On 15 Jun 2014, at 03:34, Pierz wrote:
On Saturday, June 14, 2014 11:52:02 AM UTC+10, Liz R wrote:
On 13 June 2014 23:35, Russell Standish <li...@hpcoders.com.au> wrote:
On Fri, Jun 13, 2014 at 01:44:25AM -0700, Pierz wrote:
> Yes. But I have to wonder what we're doing wrong, because any
sophisticated
> piece of modern software such as a modern OS or even this humble
mailing
> list/forum software we are using is already "hugely mind-bogglingly
> incremental". It has evolved over decades of incremental improvement
> involving thousands upon thousands of workers building up layers of
> increasing abstraction from the unfriendly silicon goings-on down
below.
> And yet Siri, far from being a virtual Scarlett Johannson, is
still pretty
> much dumb as dog-shit (though she has some neat bits of crystallised
> intelligence built in. Inspired by "She" I asked her what she was
wearing,
> and she said, "I can't tell you but it doesn't come off."). Well,
I'm still
> agnostic on "comp", so I don't have to decide whether this
conspicuous
> failure represents evidence against computationalism.

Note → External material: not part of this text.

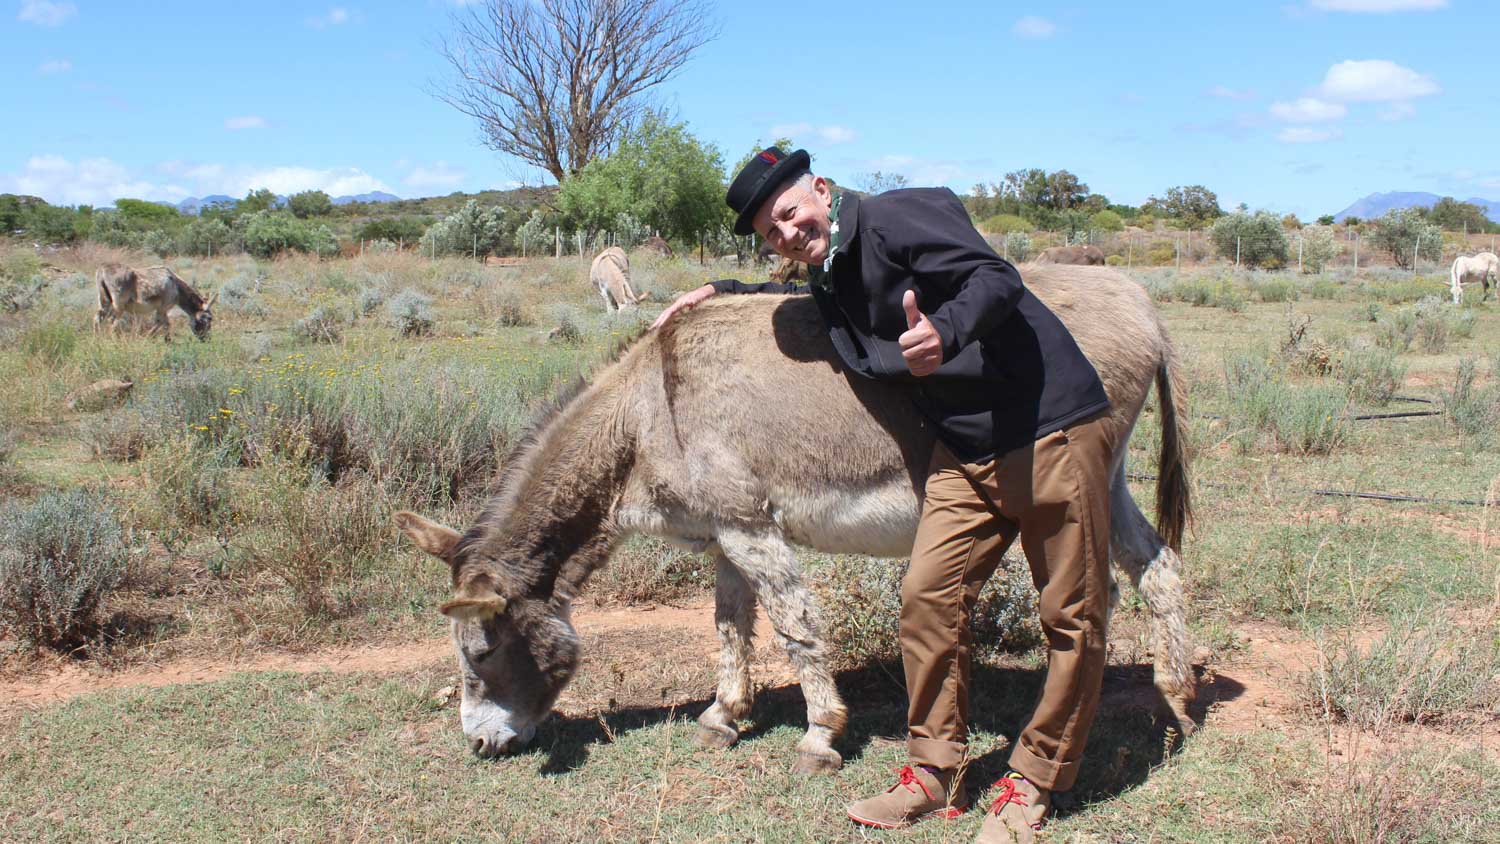 David Kramer is the Patron of Eseltjiesrus. Here he is giving huggs to one of the rescued donkeys 2

I do however
consider
> the bullish predictions of the likes of Deutsch (and even our own
dear
> Bruno) that we shall be uploading our brains or something by the
end of the
> century or sooner to be deluded. Deutsch wrote once (BoI?) that the
> computational power required for human intelligence is already
present in a
> modern laptop; we just haven't had the programming breakthrough
yet. I
> think that is preposterous and can hardly credit he actually
believes it.
>
It overstates the facts somewhat - a modern laptop is probably still
about 3 orders of magnitude less powerful than a human brain, but with
Moore's law, that gap will be closed in about 15 years.
Moore's law appears to have stopped working about 10 years ago,
going by a comparison of modern home computers with old ones. That
is, the processors haven't increased much in speed, but they have
gained more "cores", i.e. they've been parallelised, and more memory
and more storage. But the density of the components on the chips
hasn't increased by the predicted amount (or so I'm told).
No - we are hitting limits now in terms of miniaturization that are
posing serious challenges to the continuation of Moore's law. So
far, engineers have - more or less - found ways of working around
these problems, but this can't continue indefinitely. However, it's
really a subsidiary point. If we require 1000x the power of a modern
laptop, that's easily (if somewhat expensively) achieved with
parallelization, a la Google's PC farms. Of course this only helps
if we parallelize our AI algorithms, but given the massive
parallelism of the brain, this should be something we'd be doing
anyway. And yet I don't think anyone would argue that they could
achieve human-like intelligence even with all of Google's PCs roped
together. It's an article of faith that all that is required is a
programming breakthrough. I seriously doubt it. I believe that human
intelligence is fundamentally linked to qualia (consciousness), and
I've yet to be convinced that we have any understanding of that yet.
I am familiar of course with all the arguments on this subject,
including Bruno's theory about unprovable true statements etc, but
in the end I remain unconvinced. For instance I would ask how we
would torture an artificial consciousness (if we were cruel enough
to want to)? How would we induce pain or pleasure? Sure we can
"reward" a program for correctly solving a problem in some kind of
learning algorithm, but anyone who understands programming and knows
what is really going on when that occurs must surely wonder how
incrementing a register induces pleasure (or decrementing it, pain).
Anyway. Old hat I guess. My point is it comes down to a "bet", as
Bruno likes to say. An statement of faith. At least Bruno admits it
is such.
I do more than admit this. I insist it has to be logically the case
that it needs an act of faith.
That is also the reason why I insist that it is a theology. It is, at
the least, the belief in a form of (ditital) reincarnation.
As things stand, given the current state of AI, I'd bet the other way.
Comp is not so nice with AI. Theoretical AI is a nest of beautiful
results, but they are all necessarily non constructive. We cannot
program intelligence, we can only recognize it, or not. It depends in
large part of us.
In theoretical artificial intelligence, or learning theory(*), the
results can be sum up by the fact that a machine will be more
intelligent than another one if she is able to make more errors, to
change its mind more often, to work in team, to allow non falsifiable
hypothesis, etc.
Machine's intelligence look like this. Whatever theory of intelligence
you suggest, a machine will be more intelligent by not applying it.
Intelligence is a protagorean virtue too, if not the most typical. It
escapes definitions.
Bruno
(*) The work of Putnam, Blum, Gold, Case and Smith, Oherson, Stob,
Weinstein.
However, it is also true that having a 1000-fold more powerful
computer does not get you human intelligence, so the programming
breakthrough is still required.
Yes, you have to know how people do it.
Quote from ... someone: "If the brain were so simple we could
understand it, we'd be so simple we couldn't."